Au départ, tout n’est que poussière en suspension dans le magma du cerveau de l’écrivain, ballet de particules joyeuses et insouciantes que la pensée viendra organiser pour leur donner un sens. De ce miracle naîtra le mot, puis la phrase, puis le texte, qui lui-même entrera dans le cerveau du lecteur pour y redevenir poussière.

Tout cela prend racine dans l’élan, la volonté primaire de l’auteur qui décide de s’arrêter pour que, de ce qui semble sans consistance, naisse une forme du réel qui jusque-là n’existait pas. Nous savons tous qu’il s’agit d’un leurre, que toute action, que toute pensée résulte d’un enchaînement bien précis d’événements dont la nature nous échappe. Parce qu’ils se produisent dans les confins insondables de la beauté, vue comme une représentation de la perfection, source d’émerveillements répétés pour celui qui cherche à la comprendre, ces nanoévénements investissent l’univers pixellisé de la machine pour prendre d’assaut l’œil du lecteur devenu port d’entrée vers l’infinie complexité de sa personnalité.

Le voyage est nécessairement ondulatoire, et passe soit par le son, soit par la lumière. Nous connaissons les circuits, mais quand vient le temps d’identifier ce qui, par ces circuits, passe d’un cerveau à un autre, nous voilà étourdis de vertige. Et l’écrivain finit par se dire que cela ne le concerne pas, qu’il peut participer au prodige sans en comprendre la mécanique. En y réfléchissant de manière plus approfondie, il se convainc même qu’une connaissance exhaustive du processus de création – et de sa transmission – viendrait en pervertir le sens et la pertinence. Il laisse donc à d’autres le soin de forer ce puits, tout en acceptant de leur fournir la matière première à extraire de leurs forages. Sa participation au projet scientifique devient volontaire, et ses interventions visent à rappeler son rôle, qui consiste à faire advenir les choses dans ses propres travaux, ou dans ceux des autres quand il a le souci de les accompagner dans la recherche de ce qu’ils ont à offrir au monde.

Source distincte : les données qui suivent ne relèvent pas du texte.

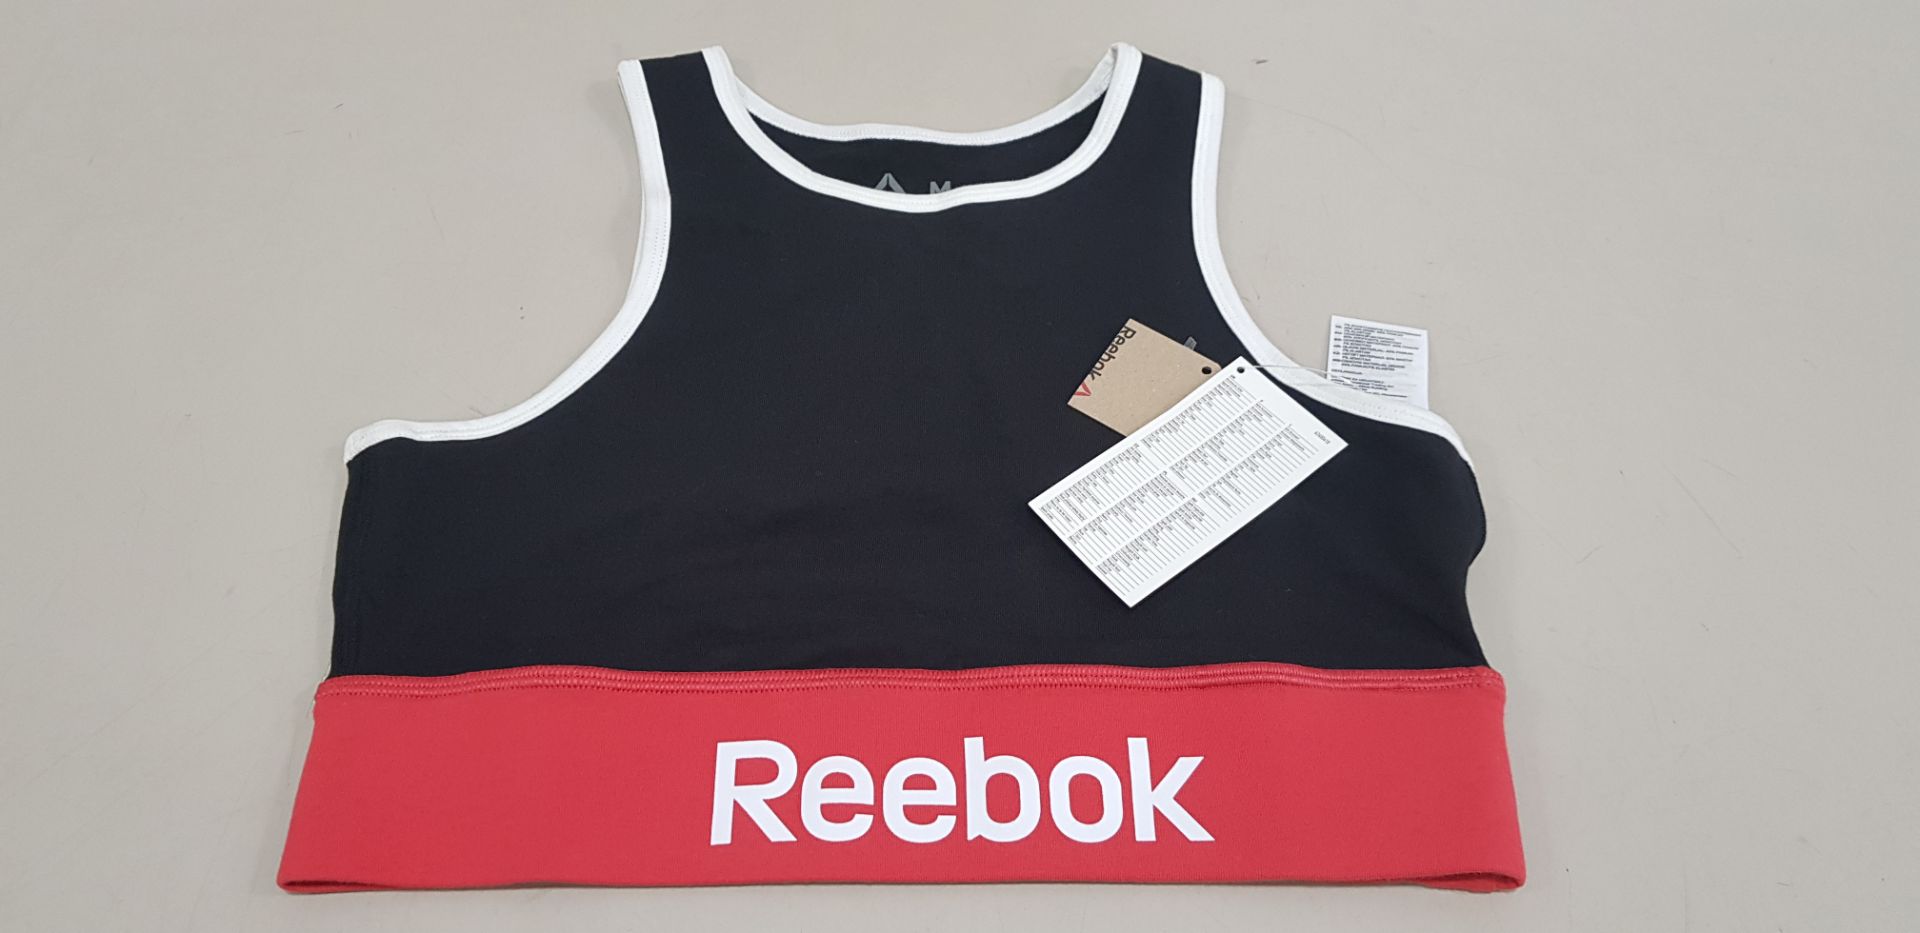 20 X BRAND NEW REEBOK LINEAR LOGO COTTON BRA IN RED AND BLACK (SIZE M) - PICK LOOSE
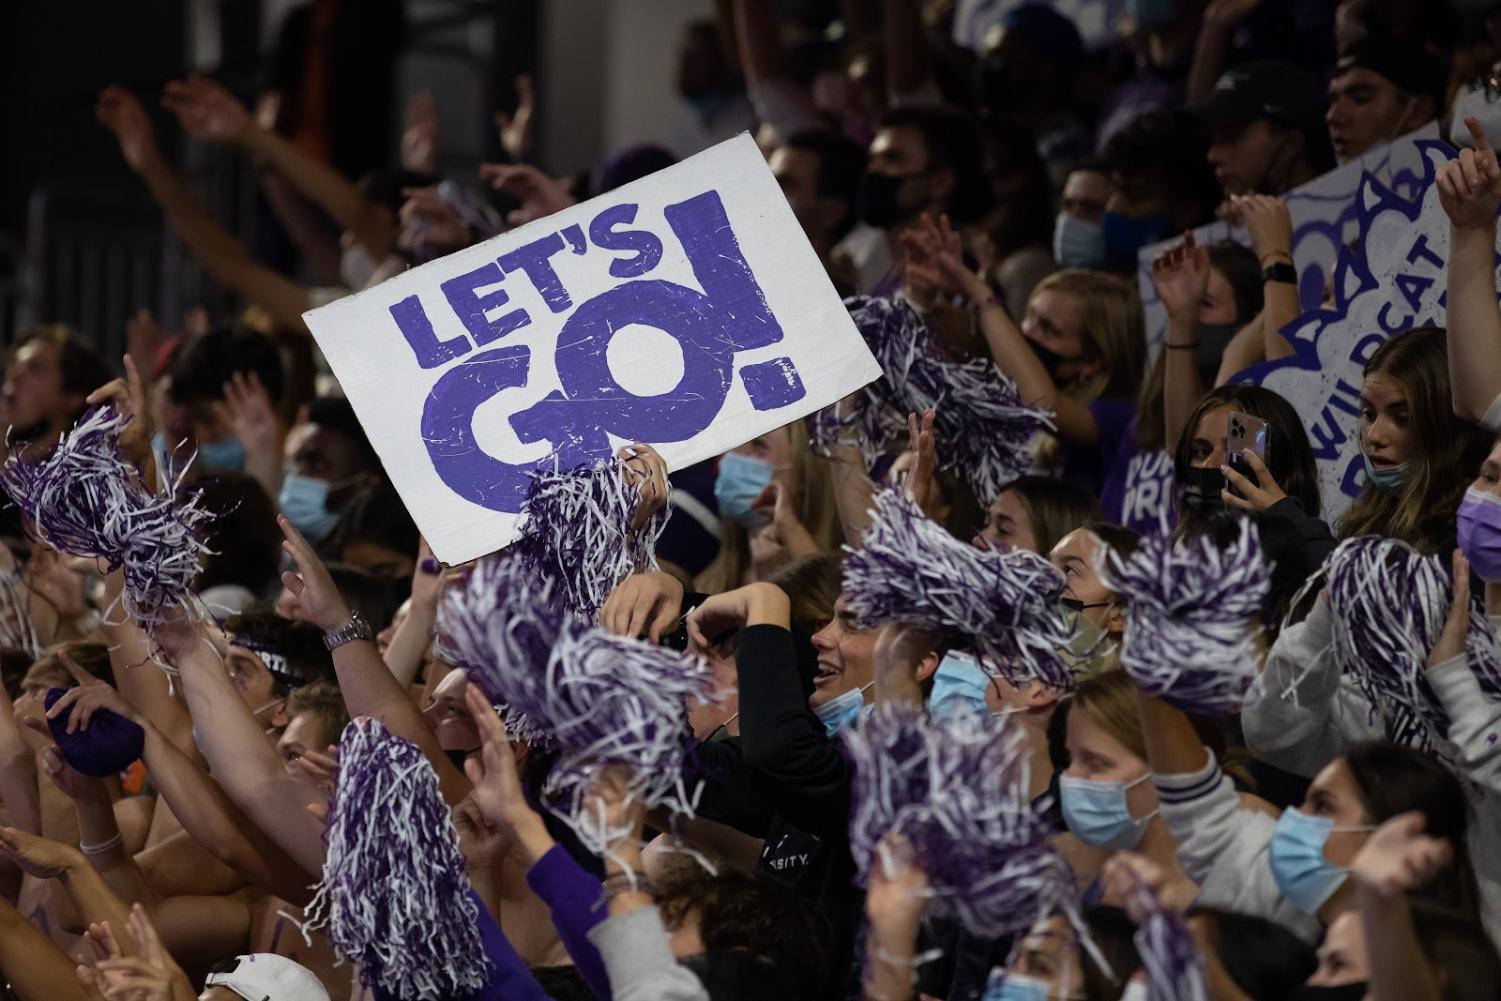 Large+group+of+students+with+arms+in+the+air+holding+purple-and-white+poms+cheer+on+the+team.+One+student+is+holding+a+white+sign+with+large+purple+letters+saying+%E2%80%9CLet%E2%80%99s+go%21%E2%80%9D

Ainsi, l’écrivain entrera en résistance quand on voudra le conscrire dans quelque armée que ce soit, et considérera comme un devoir de se retirer dans ses terres alors qu’on voudrait le voir monter au front. Ce retrait lui demandera du courage et de la conviction, car le courant de la rivière va toujours dans le même sens, et que de s’éloigner du troupeau le mettra nécessairement en danger.

Dans l’infinité du cosmos, quand un point lumineux nous crie qu’il existe, et qu’en cet instant précis peut-être n’existe-t-il que pour nous qui, des millions d’années plus tard, le regardons dans la lunette d’un télescope, il n’y a plus rien qui vaille que cette certitude que tout peut avoir un sens pour autant qu’il y ait un dialogue entre un émetteur et un récepteur. Une chaise demeure une chaise, qu’on l’utilise tous les jours ou qu’on l’ait oubliée au fond d’une grange sur le point de s’effondrer. Mais un livre abandonné, dans le grenier d’une maison ou dans le rayonnage d’une bibliothèque, changera de nature le jour où quelqu’un en tournera de nouveau les pages. De ce bloc de papier jaillira la vie, encodée dans l’encre et les signes et les lettres et les mots et les phrases et le texte pour voyager jusque dans la lumière bleutée de la conscience du lecteur. Et c’est ce phénomène merveilleux qui pousse l’écrivain à y consacrer du temps et de l’espérance. Les engrenages sophistiqués de la machine l’intéressent moins que de la faire tourner pour qu’on entende sa musique.

Car c’est dans cette musique qu’il trouve sa raison d’exister.